The University of North Carolina’s Board of Governors decided at its meeting last week to whittle down the types of degrees offered at various campuses.

UNCsystemThe culling came from a combination of campus requests and a regular system-wide review of programs with low enrollments that’s conducted every two years.

The discontinuations don’t necessity mean the opportunity to study in those areas are going away. Many of the degrees being cut were absorbed into other majors, with concentrations offered.

At East Carolina University, for example, individual undergraduate degree programs for French, German, German K-12, French K-12 and Hispanic Education will be consolidated into a single degree of Foreign Languages and Literature.

At the University of North Carolina-Charlotte, students can still study in the specialized education areas, their degrees are just being combined with similar degree offerings.  The bachelor’s degree program in child and family development is being absorbed into a nearly identical major, where participants also earn a license. (Previously, students had the option of not receiving a license, an option for students who wanted to work in daycare setting which don’t always require licenses.).
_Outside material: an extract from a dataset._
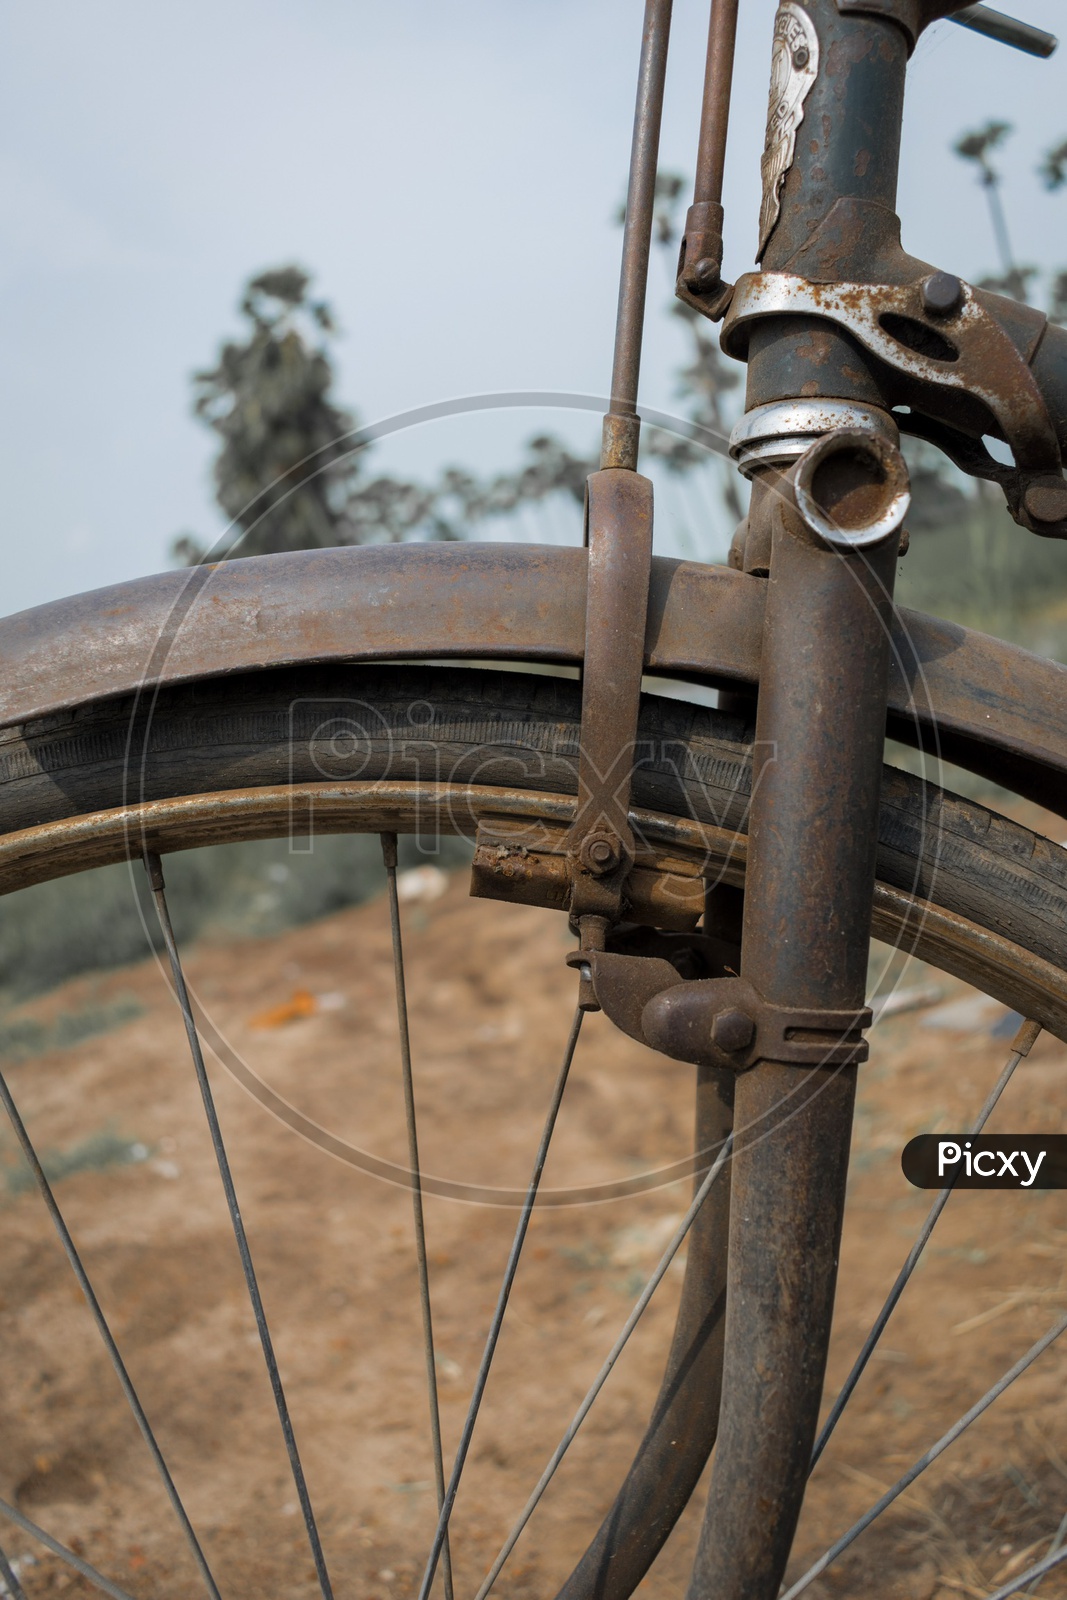 Brakes of old vintage bicycle

Also, the master’s degree offering in special education, adapted, is being merged into a more general master’s program in special education.

Many of those being cut and combined into other degrees are educational training programs, with the review noting that out of the 221 degree programs with low enrollments, 46 of those were related to education.

That’s part of an ongoing issue that the UNC system and state education leaders are grappling with, given a 27 percent drop from 2010 to 2014 of those wanting to pursue teaching as a career. The situation, many fear, could lead to a teacher shortage in the state.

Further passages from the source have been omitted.